The last part of the quote I selected below is very interesting to me. It regards meditators being able to differentiate more easily between narrative and experiential information. I find that very important.

The neuroscience of mindfulness | Psychology Today
You can experience the world through your narrative circuitry, which will be useful for planning, goal setting, and strategizing. You can also experience the world more directly, which enables more sensory information to be perceived. Experiencing the world through the direct experience network allows you to get closer to the reality of any event. You perceive more information about events occurring around you, as well as more accurate information about these events. Noticing more real-time information makes you more flexible in how you respond to the world. You also become less imprisoned by the past, your habits, expectations or assumptions, and more able to respond to events as they unfold.

In the Farb experiment, people who regularly practiced noticing the narrative and direct experience paths, such as regular meditators, had stronger differentiation between the two paths. They knew which path they were on at any time, and could switch between them more easily. Whereas people who had not practiced noticing these paths were more likely to automatically take the narrative path.

The Bullitt cargo bike and Steve McQueen’s Porsche! Photos on Flickr. Story on Larry Vs Harry’s blog.

Wednesday in Manhattan

A big snow storm was forecast for Monday Evening and I decided to get out of Dodge before it hit. Made it to Albuquerque without a problem and stayed at a hotel near the airport. I am told Santa Fe received more than half a foot of snow and I-25 was closed, in other words I wouldn’t have made it to the airport on Tuesday Morning.

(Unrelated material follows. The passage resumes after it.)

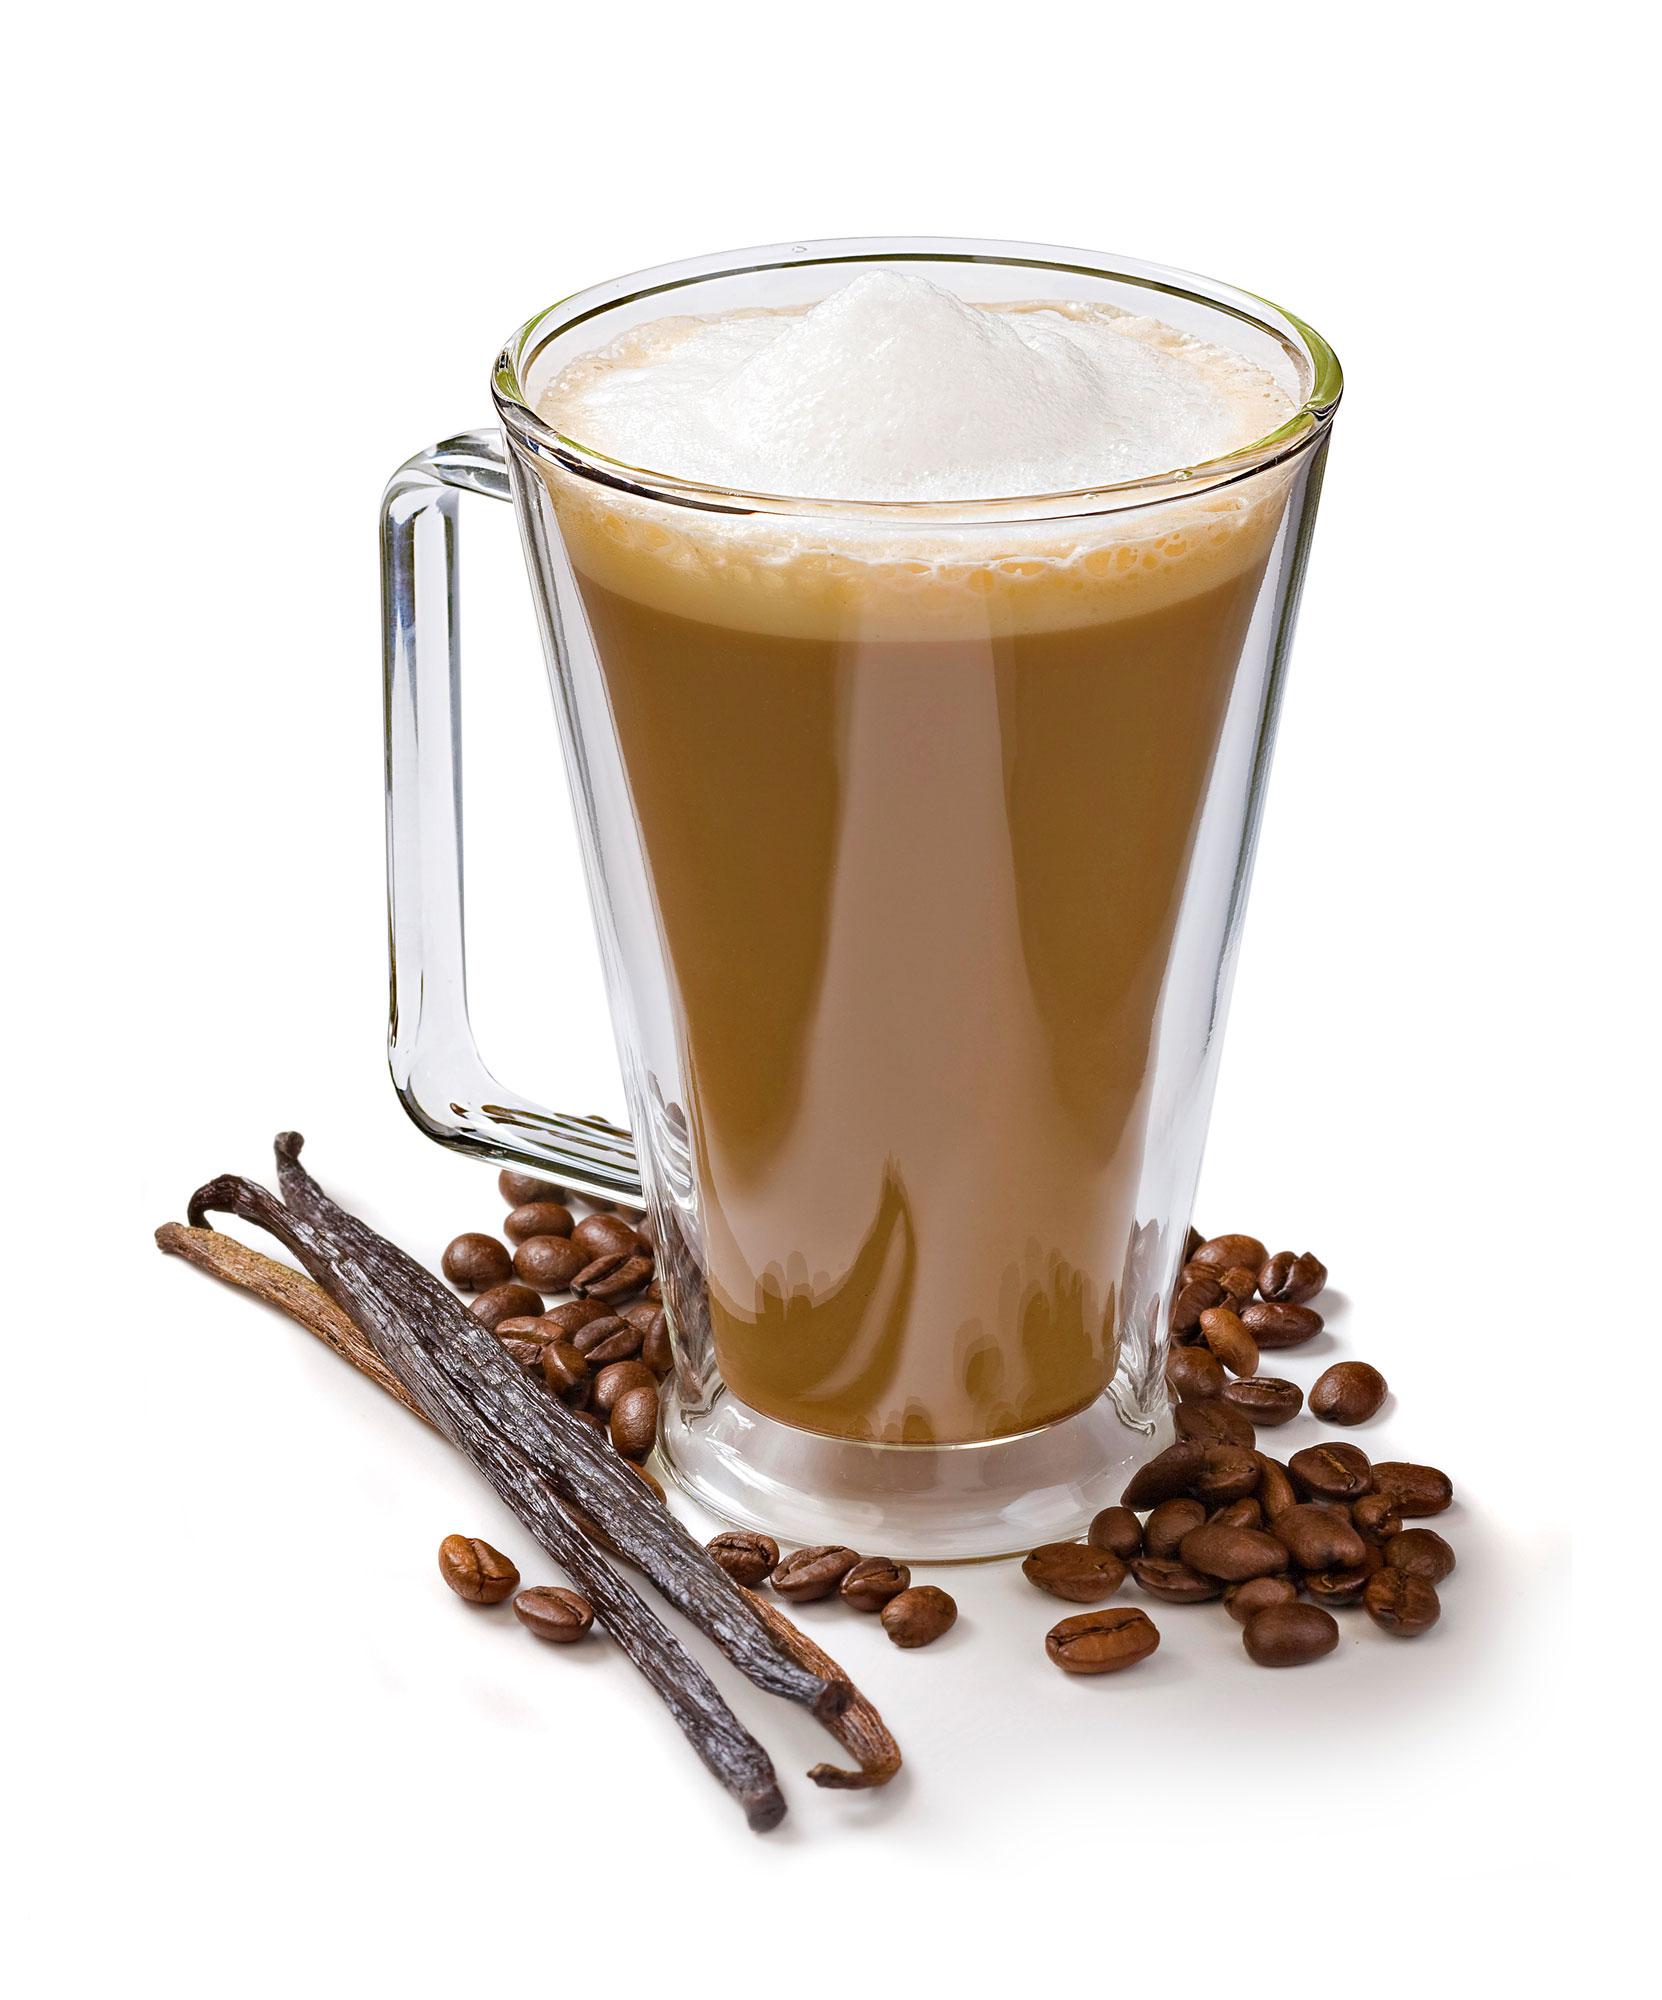 Custom blending of cappuccino and hot chocolate mixes.

The flight from Dallas to New York felt worse than the flight from Dallas to Tokyo last month, because I am still battling a cold. The drive into Manhattan seemed to take forever in rush-hour traffic and I developed quite the headache. After I checked into the hotel I took a little walk to clear my head. Bergdorf-Goodman‘s windows on Fifth Avenue were quite a sight, as you can see here and here. (((Google Image Search)))

After sleeping longer than usual I woke up feeling a little better. It was raining and so I didn’t take my Leica with me. The best camera is always the one you carry with you. After the rain cleared around noon, the light became magnificent and I had to make do with my phone. The 99 cent Tilt-Shit Generator application makes up for the lack of focus-control by allowing selective blurring of the image. I quite like it.


And elsewhere…

An installation at Hermes in Tokyo. If only more advertising was this lovely.

VH alerted me to this item on NPR:

Cargo Bikes: Riding With The Kids, And The Kitchen Sink : NPR
Picture a vehicle that can carry around your kids and groceries efficiently, and doesn’t burn any fossil fuels. But there’s one drawback: You have to pedal it yourself.

Cargo bicycles are specially designed bikes that can haul several hundred pounds. Long popular in Europe, they’re starting to make their way into the United States.